El Valle del Terror by Arthur Conan Doyle

El Valle del Terror by Arthur Conan Doyle

autor:Arthur Conan Doyle [Doyle, Arthur Conan]
La lengua: spa
Format: epub, mobi
editor: ExVagos
publicado: 2015-08-07T16:00:00+00:00


—Bueno, yo nada sé de esa gente. He dicho simplemente lo que he leído.

—Y yo no le aseguro que no haya dicho usted la verdad —el hombre aquel miraba nerviosamente a su alrededor mientras hablaba, queriendo penetrar en la oscuridad, como temiendo que le estuviese acechando algún peligro—. Si matar constituyese asesinato, bien sabe Dios entonces que los ha habido para dar y sobrar. Pero no se atreva usted a mencionar en relación con ellos el nombre de Jack McGinty, forastero, porque todo cuanto se cuchichea llega hasta él, y no es hombre de dejarlo pasar por alto. Y aquí tiene la casa que usted viene buscando, esa que se levanta algo retirada de la línea de la calle. El viejo Jacob Shafter la gobierna como el más honrado de los hombres que viven en esta población.

—Gracias —dijo McMurdo.

Y después de dar un apretón de manos a su nuevo conocido, avanzó con la maleta en la mano por el sendero que conducía a la casa, y llamó con un golpe sonoro a la puerta de ésta. La abrió en el acto alguien muy diferente de la persona que él calculaba.

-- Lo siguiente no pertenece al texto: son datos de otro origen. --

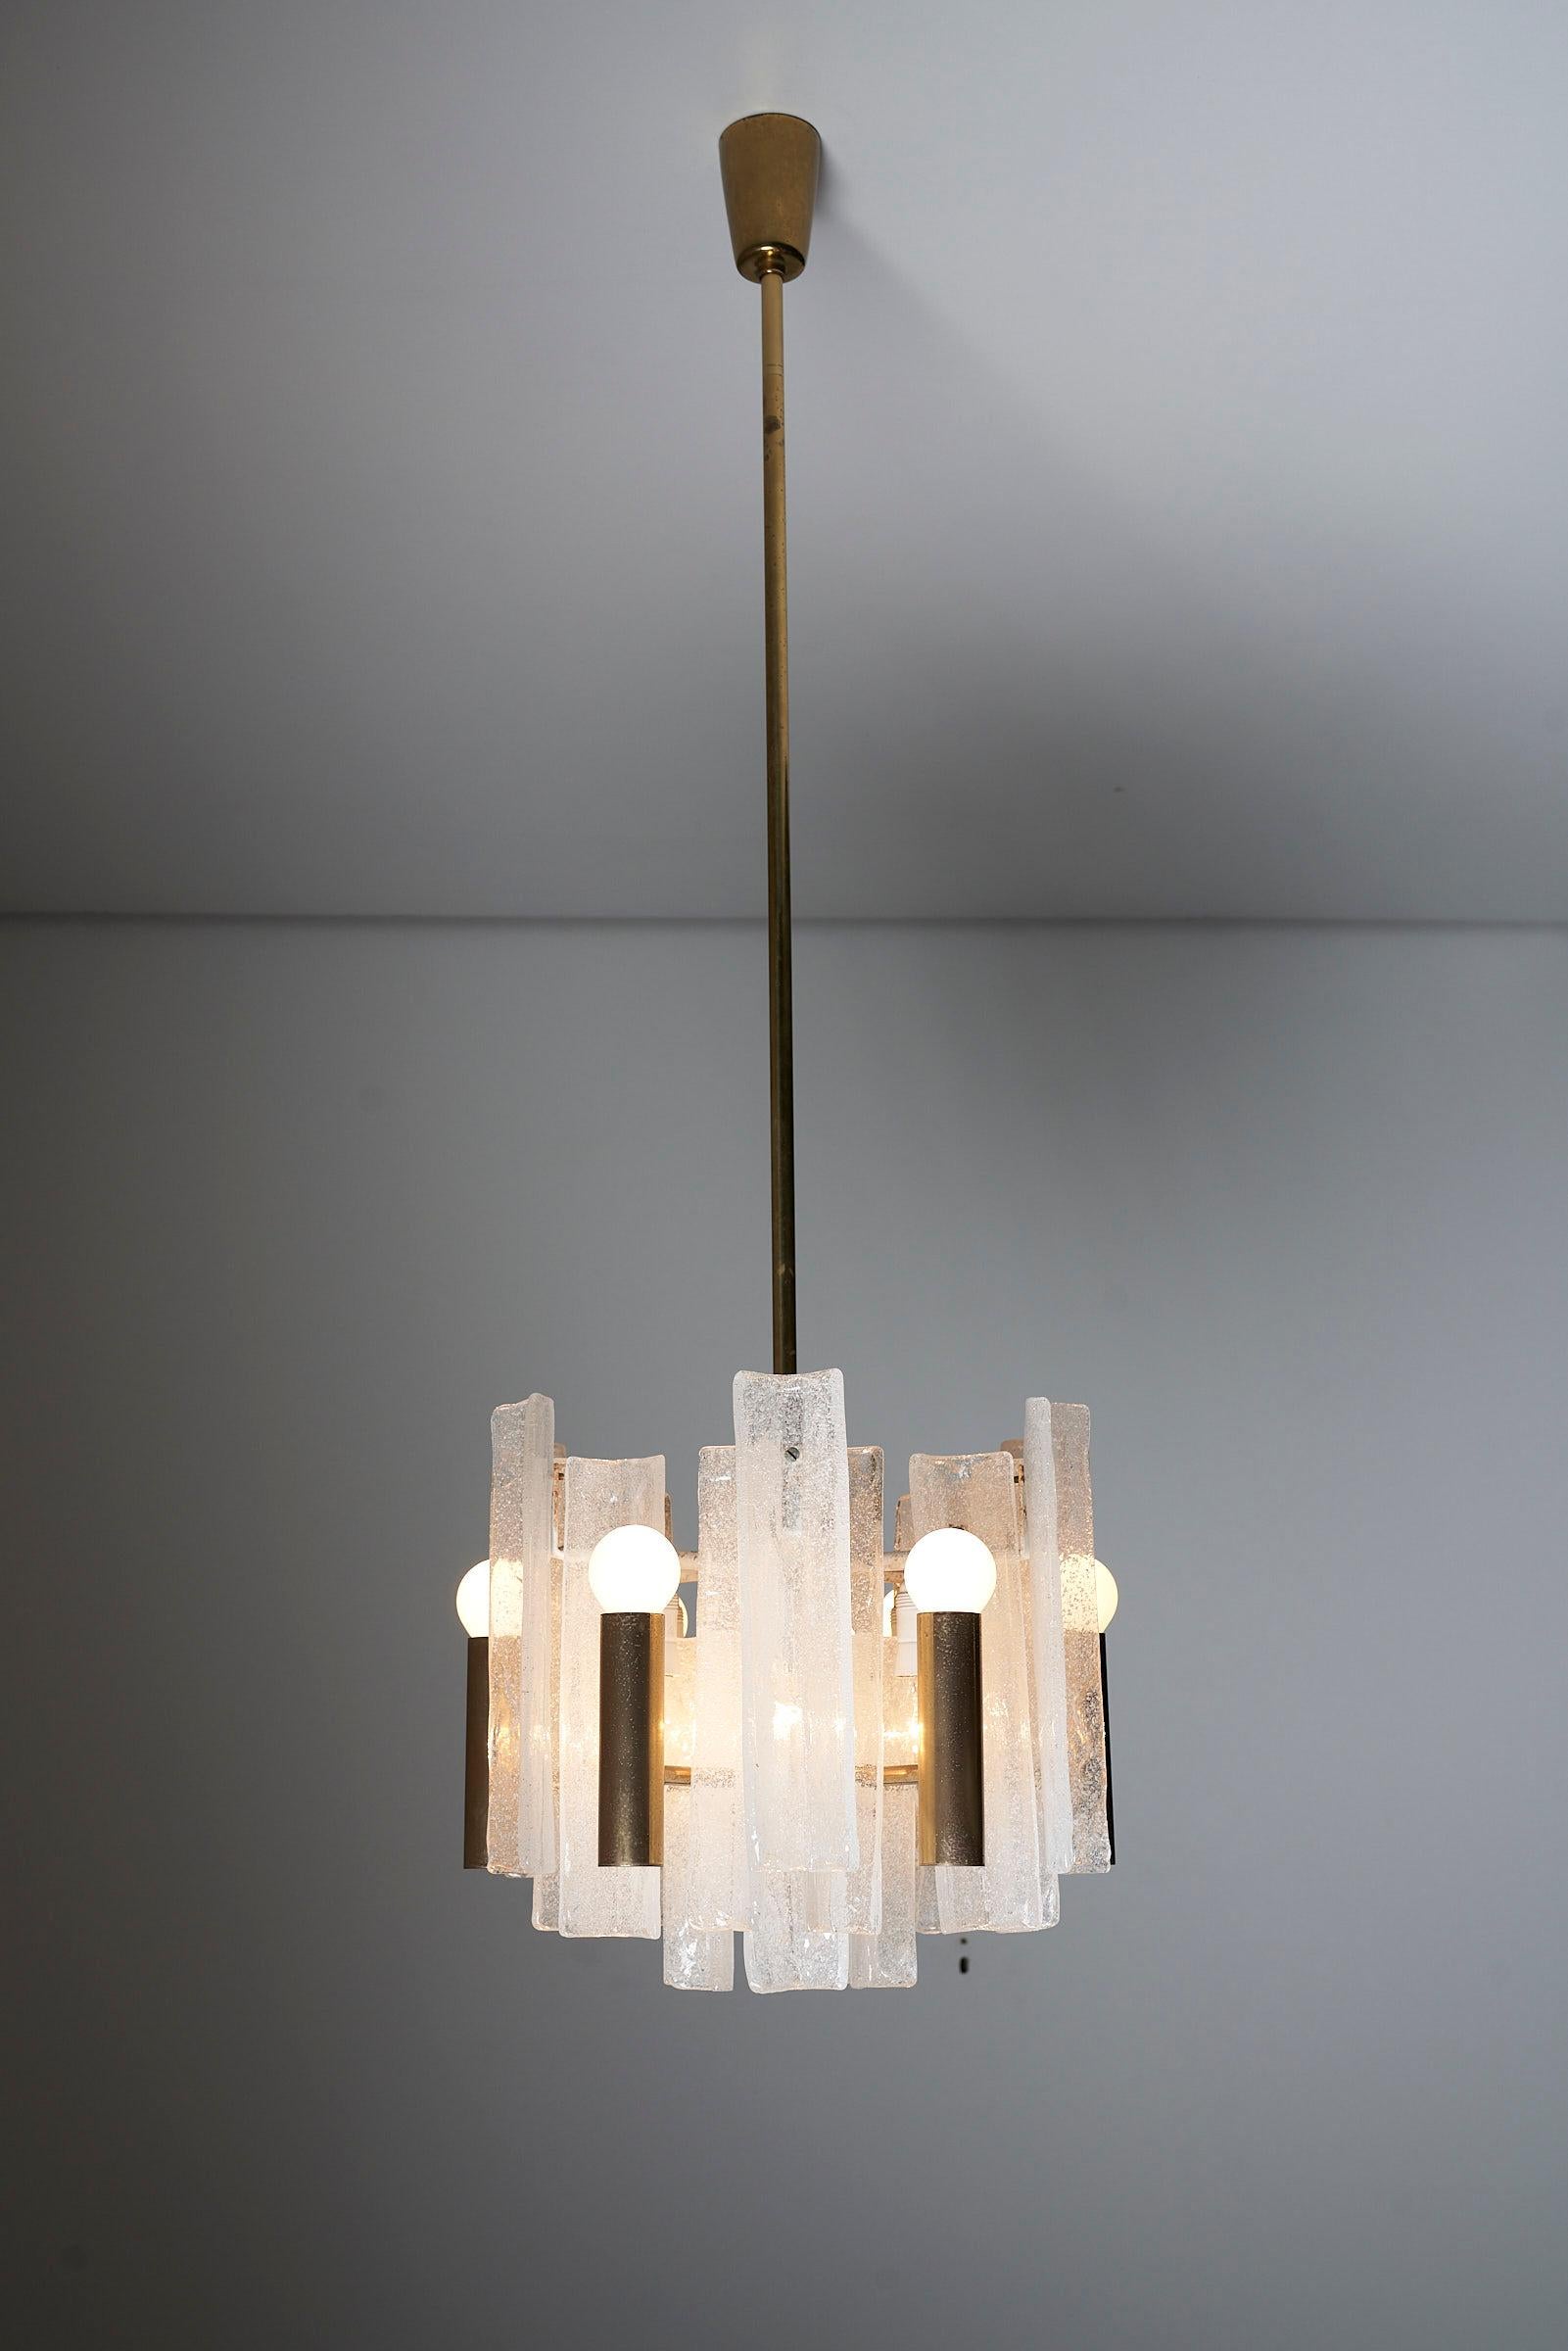 Introducing the Lipizza Chandelier by J.T. Kalmar, an Austrian lighting brand renowned for its craftsmanship and timeless designs. Founded in Vienna, J.T. Kalmar has dedicated itself to producing high-quality lighting solutions that are both

Era una mujer joven y de singular belleza. Tenía tipo de sueca, rubia y de blanco cutis, lo que formaba llamativo contraste con sus ojazos negros. Con ellos examinó sorprendida al desconocido, y la sorpresa y agradable embarazo que su vista le produjo hicieron que una oleada de sonrojo cubriese su pálido rostro. Viéndola dentro del cuadro de brillante luminosidad que se proyectaba por la puerta abierta, pensó McMurdo que jamás había visto nada más maravilloso, y le resultó aún más atractivo por el contraste con aquellos alrededores lúgubres y sórdidos. No se habría sorprendido más si hubiese encontrado una encantadora mata de violetas creciendo lozana en aquellos montones de negras escorias de las minas. Tan encantado estaba, que se quedó contemplándola sin decir palabra, y fue ella la que rompió el silencio:

—Creí que era mi padre —dijo con un leve y agradable dejo, propio del sueco—. ¿Viene usted en su busca? Está en el barrio comercial. Lo espero de un momento a otro.

McMurdo siguió mirándola fijamente y con no disimulada admiración, hasta que ella bajó los ojos, llena de confusión, ante aquel dominador visitante.

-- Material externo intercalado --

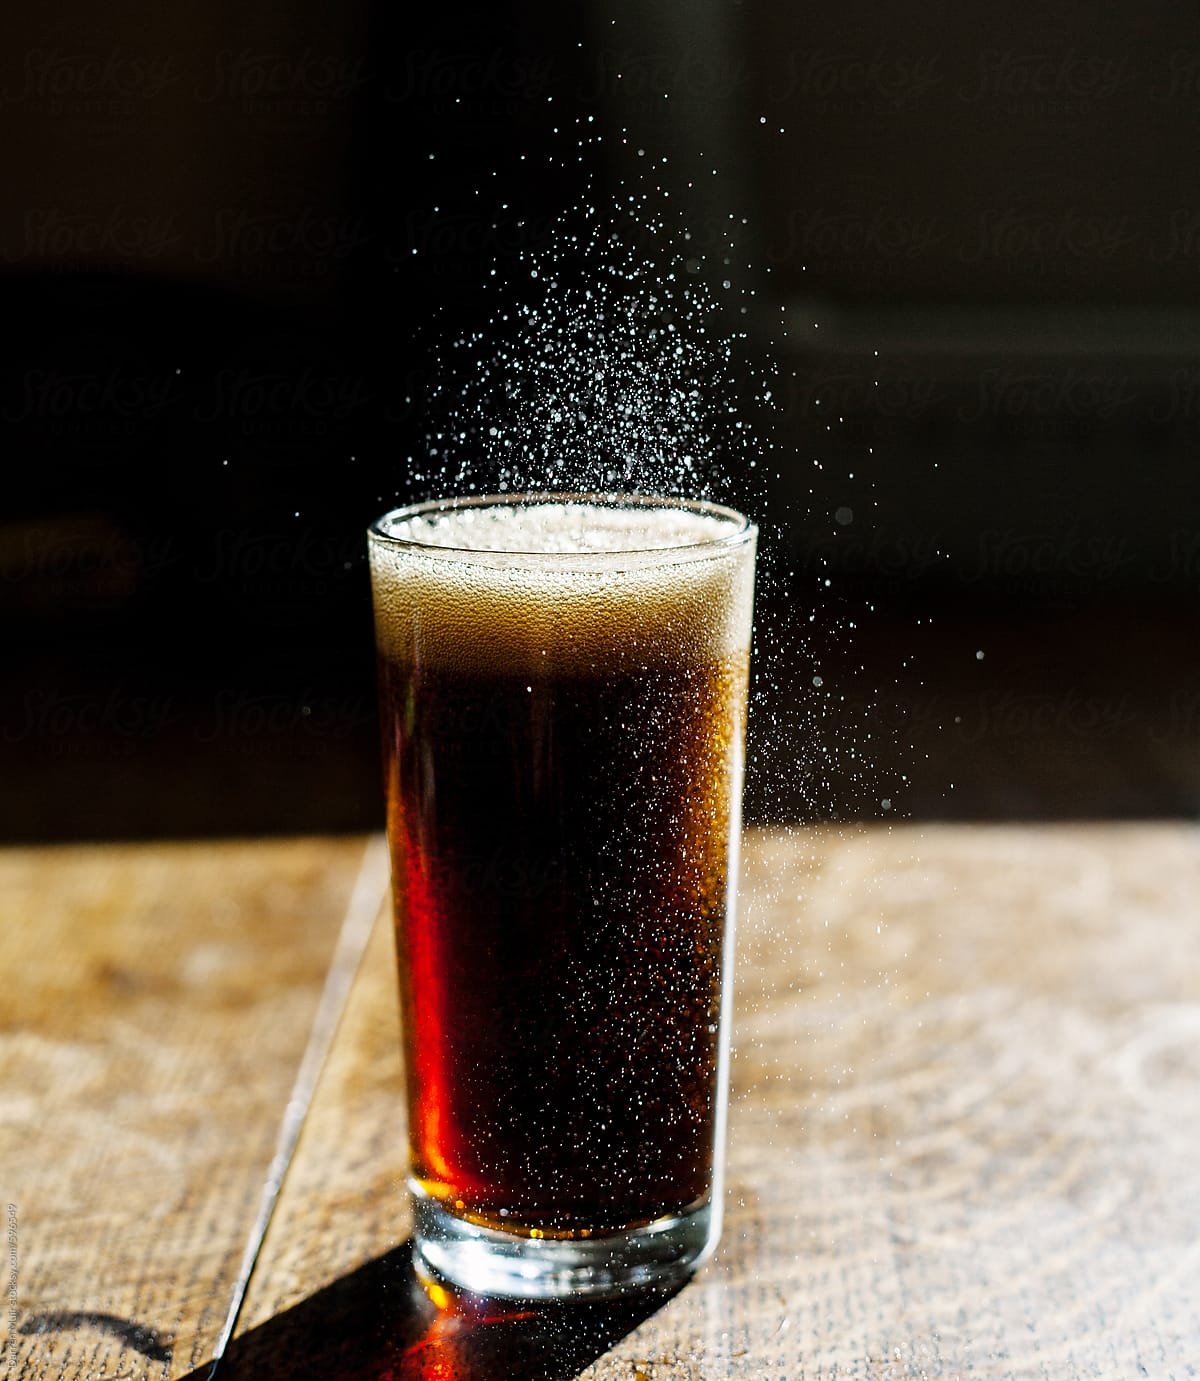 Fizzing glass of cola on wooden table.

—Señorita, no tengo ninguna prisa por verlo. Es el caso que alguien me recomendó esta casa para que tomase pensión en ella. Creí que quizá me conviniese, pero ahora estoy seguro de que me convendrá.

—Es usted rápido en formar sus juicios —le contestó ella, sonriente.

—Cualquiera haría lo mismo que yo si no era ciego —replicó él.

La joven se echó a reír ante aquel piropo, y dijo:

—Entre, señor. Yo soy miss Ettie Shafter, hija del dueño. Mi madre murió, y yo gobierno la casa. Puede usted esperar en la habitación delantera sentado junto a la estufa hasta que llegue mi padre. ¡Ahí llega ya! Puede, pues, arreglarlo todo con él ahora mismo.

Por el sendero avanzaba un hombre anciano y robusto. McMurdo le explicó en pocas palabras lo que deseaba.